The Real World

July 2011 The Psychologist, 25 (7), 489.

The whole country went wild for the jubilee. Union flags waving everywhere. As Boris Johnson wrote in the Daily Telegraph after the river parade, "I don't know if there are any republicans left in this country after yesterday's aquatic triumph".  And it will be the same for the Olympics. Despite all the naysayers, when the moment comes, everyone will be cheering, flags will wave at every British gold. To adapt another Johnson phrase, the people will bunt for Britain.

Well, perhaps. Certainly a lot of people did celebrate the jubilee. It has been estimated that there were some 10,000 street parties in England and Wales and 100 to 200 in Scotland. Many have used that to suggest that monarchists might be in slightly less triumphant north of the border. But surely, the more interesting implication is that, even to the South no more than 1 or 2 million people were partying — a mere 2 to 4% of the population.

This hardly suggests that everyone went wild or that this is no country for old republicans.  So perhaps the picture in the papers wasn't quite the picture on the ground. Of course, that isn't surprising. While active demonstrations against the jubilee might be newsworthy, a street without a party will never make as good a picture as a street with a party. In the media, presence will always trump absence.  In the media, all we see is a country going wild.

But that doesn't mean that we can simply dismiss the reporting. Far from it. For even if what we read doesn't represent our own actions or opinions, it certainly informs how we imagine what others are doing and thinking. And that is crucial for many reasons. Indeed there is growing evidence that how we act is often influenced more by what we think others think than what we think ourselves. Before the Gulf War, for instance, most Americans were against invasion, most Americans thought that other Americans were for the war, and the latter rather than the former led them to accept the invasion without overt dissent. To adapt this finding to the Jubilee, republicans might not have gone away, but they might well have been silenced by coverage of the 'aquatic triumph'.

Our beliefs about the beliefs of others are equally important when it comes to the very existence of nations. Long ago, Benedict Anderson made the point that the large groups that matter so much to us, notably nations, can never physically assemble together. He coined the term 'imagined community' to describe the sense that we all share something in common. And he describes the role of the media in helping us to imagine that commonality. His image is of people all round the country reading their newspapers and having a sense of others reading the same stories at the same time and reacting in the same way.

By now, of course, that is a charmingly old-fashioned image. The media today is more fragmented than ever before. People look at screens more than at papers, they rarely read the same stories and, if they do, those stories are treated so differently that we are unlikely to imagine others reacting in common.

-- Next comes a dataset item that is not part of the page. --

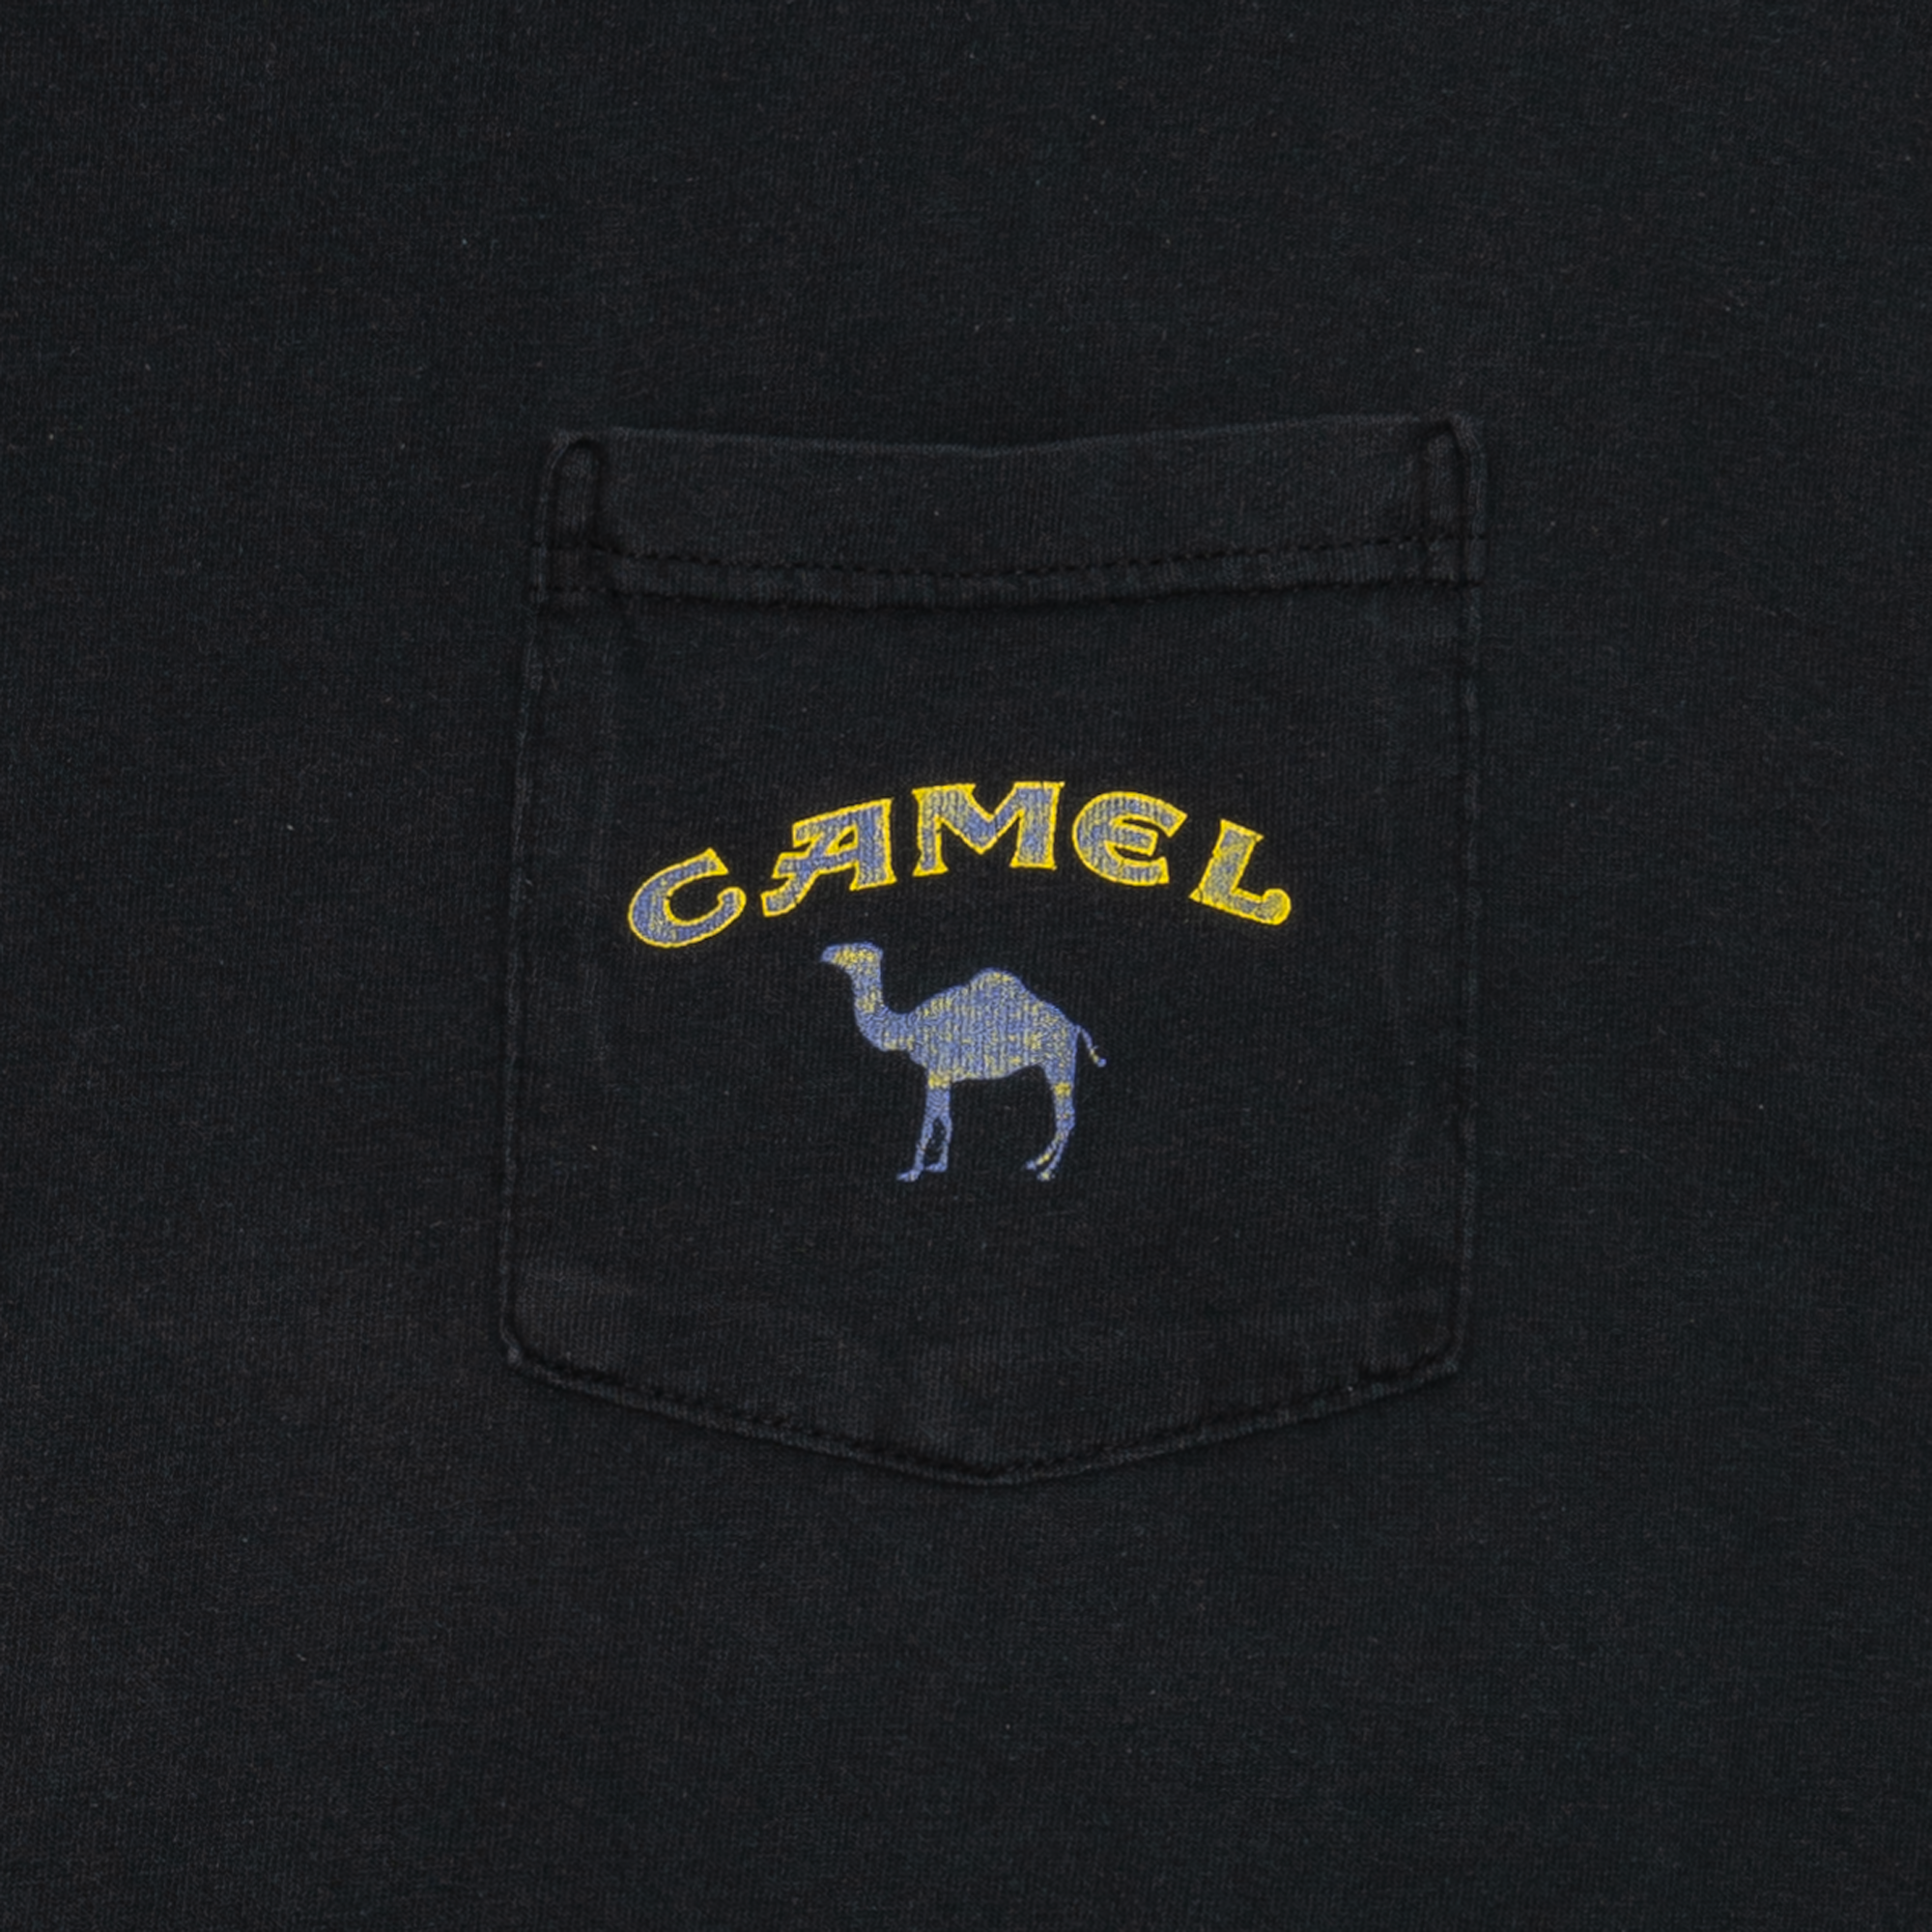 Camel Cigarettes "Joe's Place" Pocket Tee Black-PLUS

But nonetheless, there are moments where the focus converges, where we can imagine everyone attending to the same event and where we can imagine  a common reaction — so that even if we personally dissent from it, we consider ourselves to be atypical or even abnormal. Great national celebrations are one case in point. Great sporting events are another.

The moment our athlete crosses the line to claim gold, we imagine yells of triumph across the land.  Media play a critical role in sustaining that imagination, often by concentrating as much on reactions to victory as to victory itself. Whether they are selective or not is irrelevant to their role in making the idea of a nation possible.

So we might well ask how the Jubilee and the Olympics reflect our identity. But the more interesting questions concern the part that they — and broadcast images of them — play in creating and consolidating identities. We are what we come to believe we are.